*Data extracts*.
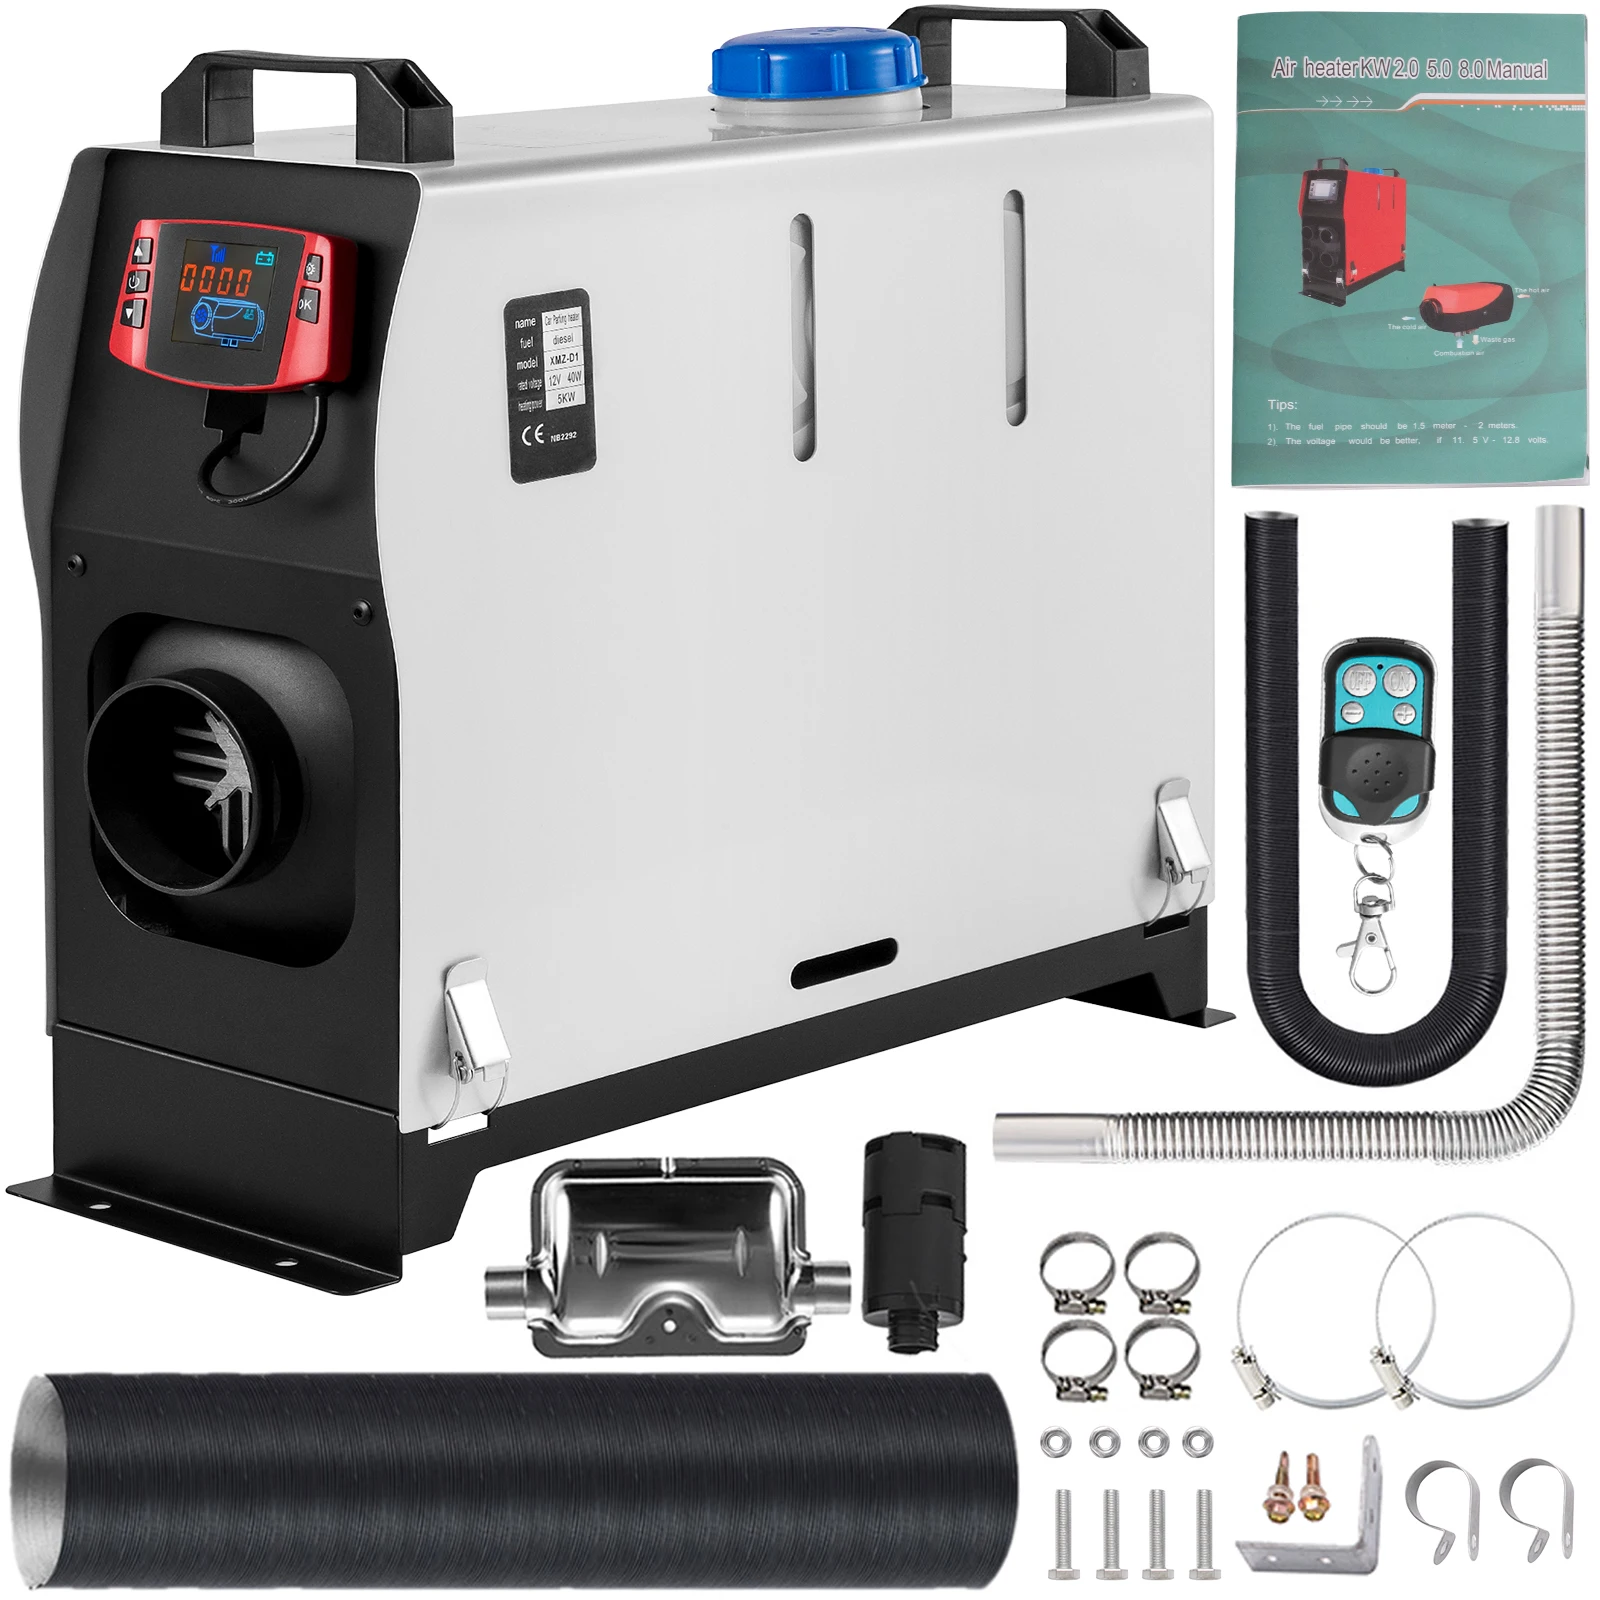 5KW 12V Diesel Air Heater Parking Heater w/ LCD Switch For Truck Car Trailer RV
--
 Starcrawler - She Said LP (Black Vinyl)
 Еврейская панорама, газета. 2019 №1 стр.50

*Exercise requirements*.
Exactly the lines above from the one with "Starcrawler - She Said LP (Black Vinyl)" to the one with "Еврейская панорама, газета. 2019 №1 стр.50", both included, are to be quoted; leave the rest out.

*Your solution*.
 Starcrawler - She Said LP (Black Vinyl)
 Еврейская панорама, газета. 2019 №1 стр.50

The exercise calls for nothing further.